Endangered

Western Tragopan (Tragopan melanocephalus)

Dr. Susan Sharma


Schedule I, Part III of the Indian Wildlife (Protection) Act, 1972 lists rare and endangered birds which are totally protected throughout the country, live or dead or part thereof. They include Andaman Teal, Assam Bamboo Partridge, Bazas, Bengal Florican, Blacknecked Crane, Blood Pheasants, , Cheer Pheasant, Eastern White Stork, , Jerdon's Courser, Great Indian Bustard, Great Pied Hornbill, Hawks, Hooded Crane, Hornbills, Houbara Bustard, Humes Bartailed Pheasant, Indian Pied Hornbill, Lammergeier, Large Falcons, Large Whistling Teal, Monal pheasant, Mountain Quail, Narcondam Hornbill, Nicobar Megapode, Nicobar Pigeon, Osprey, Peacock-Pheasant, Peafowl or Indian Peafowl, Pinkheaded Duck, Scalter's Monal Pheasant, Siberian White Crane, Tibetan Snowcock, Tragopan-Pheasant, Whitebellied Sea Eagle, White-eared Pheasant, White Spoonbill, and Whitewinged Wood Duck.

The Great Himalayan National Park is perhaps the most distinct stronghold of the rare Western Tragopan in India.
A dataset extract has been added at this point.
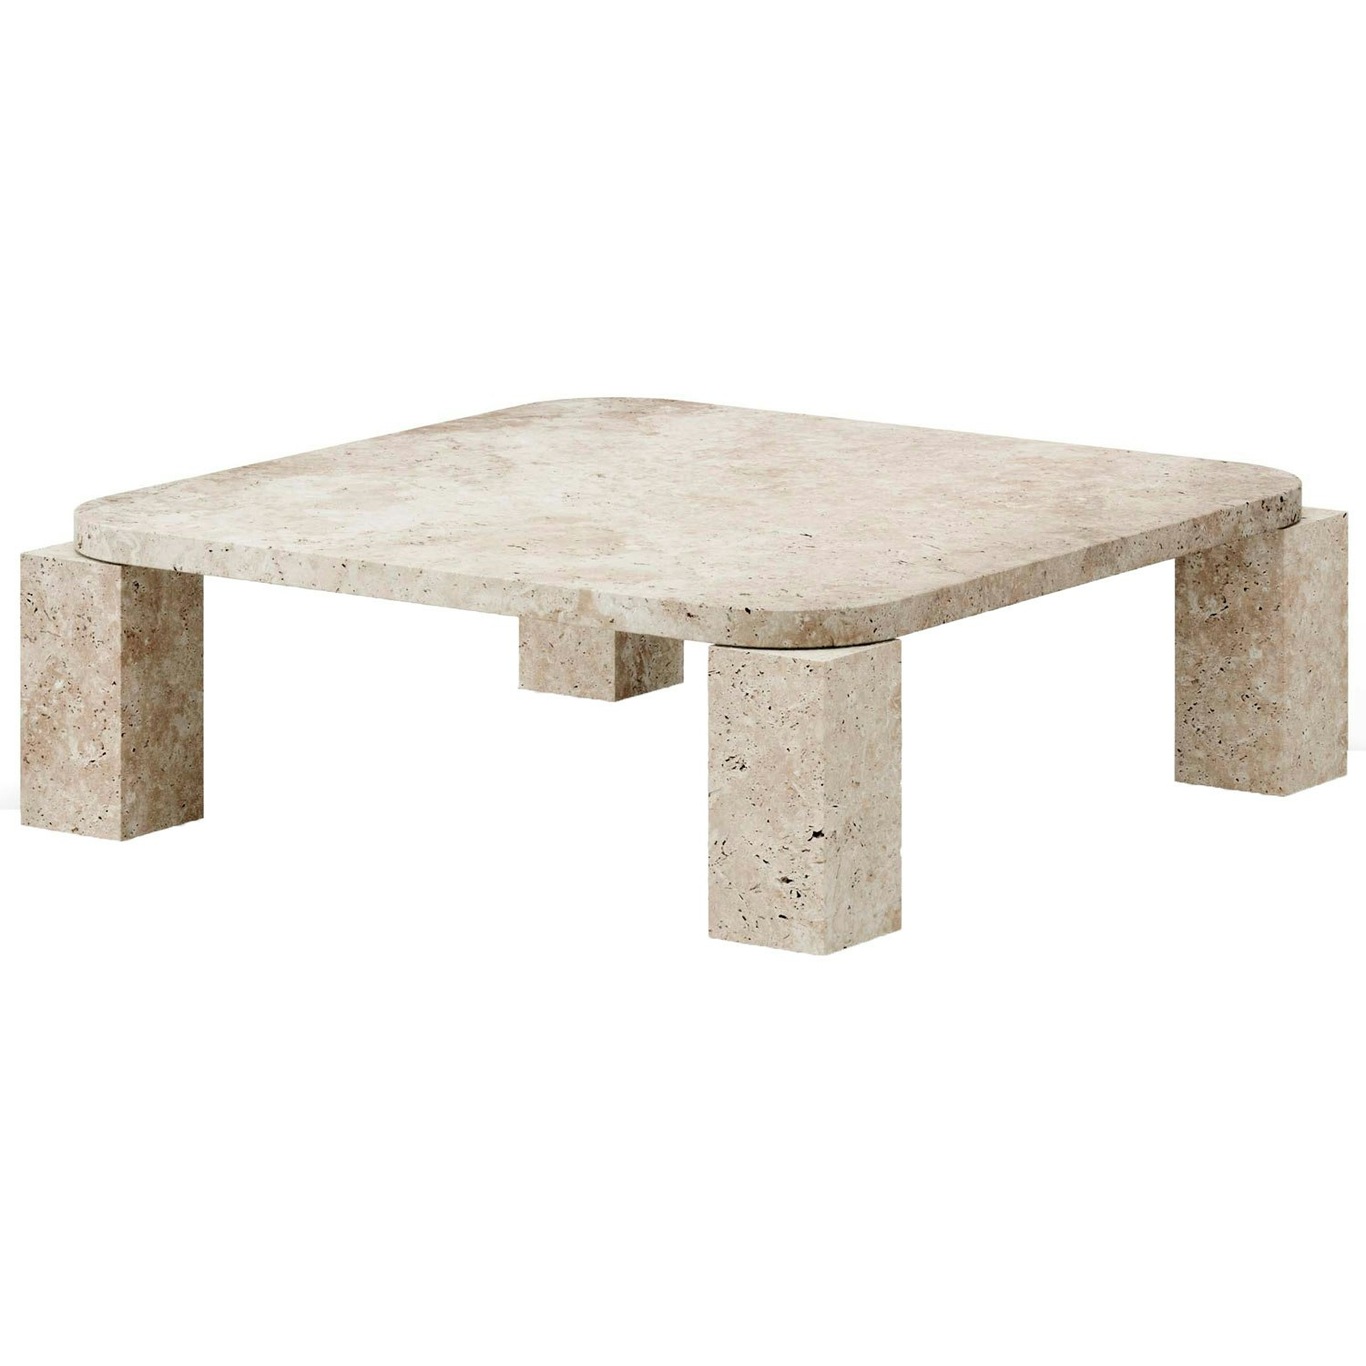 Atlas Coffee Table 820x820 mm, Unfilled Travertine

The most spectacular of pheasants, the Western Tragopan has been reported from all the valleys of the GHNP. This pheasant is found in high altitude fir-spruce and Deodar forests with Ringal Bamboo (Arundinaria spp.). The maximum number of sightings have been from forests of Basu, Shilt, Nada, Chordwar in Tirthan valley.

The tragopans or horned pheasants are medium-sized pheasants in which the sexes are highly dimorphic, the males tending toward crimson on the head and sometimes elsewhere, and with extensive white to buffy dorsal spotting. Males also have two erectile and brightly coloured fleshy horns that are erected during courtship, and a brilliantly coloured gular lappet or bib that can be expanded and exposed during display. The round black-bordered white spots or ocelli on the tragopan's feathers make it look like the King of Birds studded with diamonds all over. .
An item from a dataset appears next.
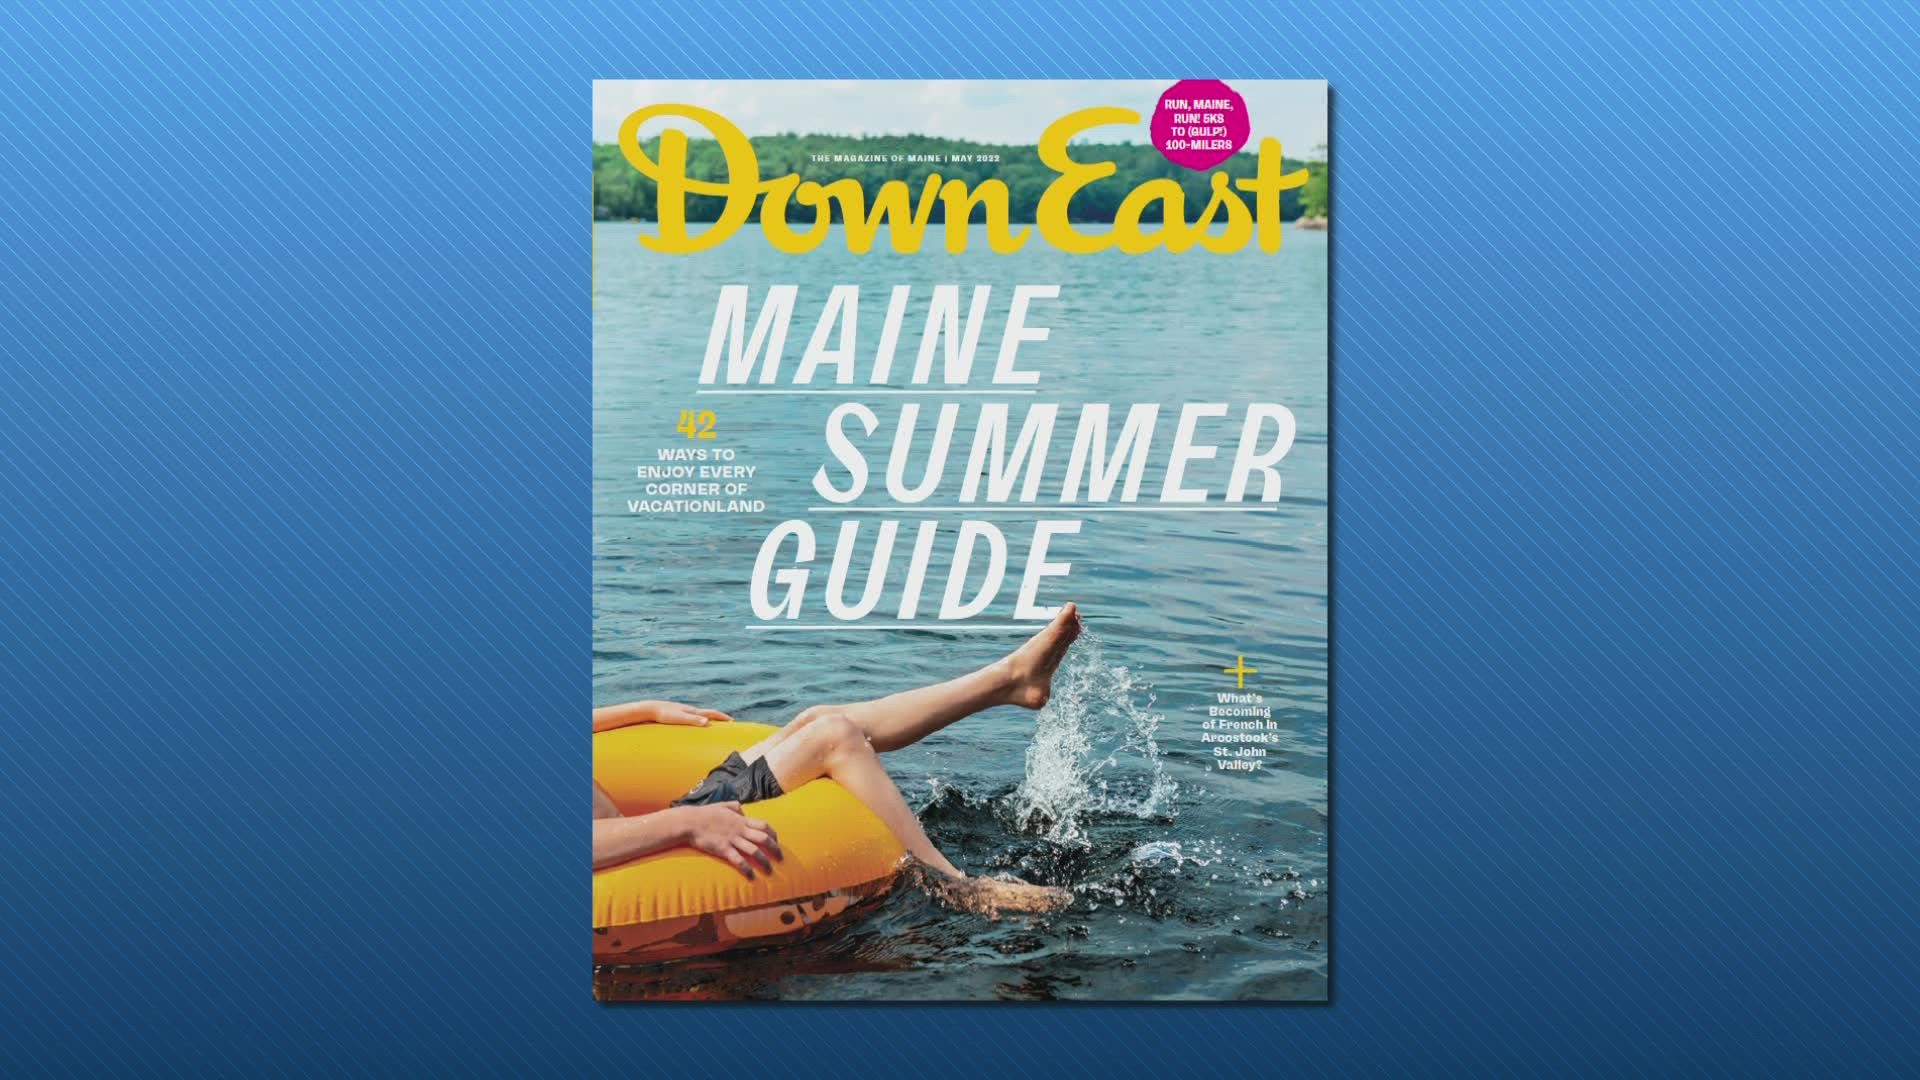 The “Down East” summer guide offers “42 ways to enjoy every corner of Vacationland”

This species is usually seen singly, in pairs, or small coveys, in fairly dense montane vegetation. The white circular spotting on the greyish upperparts, especially the lower back and upper tail-coverts is distinctive, but the spotting is less regular in females than in males. Both sexes have reddish faces, and the legs are usually pinkish. During the breeding season the male can be identified by its distinctive call, uttered most often at dusk and daybreak at intervals of about five or ten minutes. It is a far-carrying waa note, resembling a goose calling or the bleating of a small goat.

In winter the birds are found in the thickest parts of the oak, chestnut, and morenda pine forests having a dense undergrowth of ringal bamboo. But, during the breeding season, they are to be found in the higher parts of the forest, up to the zone of birches and white rhododendrons, and almost up to the extreme limits of the forest. Roosting by these birds is done in trees, preferentially low evergreens, where there are closely inter-woven leaves and branches, rather than in taller trees.

Great Himalayan National Park is one of only two National Parks in the world to support a population of endangered western tragopan Tragopan malanocephalus. Very limited work has been done on methods for survey and census of these galliformes. The Parvati Hydel Project has carved out the Great Himalyan National Park destroying the very habitat of these birds. The few that are left are hunted by man for its feathers. The Western Tragopan vanishes for its colourful plumage. Legend tells that that God created the Tragopan out of feathers shed by every bird in the universe.

Captive breeding for conservation is being attempted at Sarahan in Himachal Pradesh with little success so far.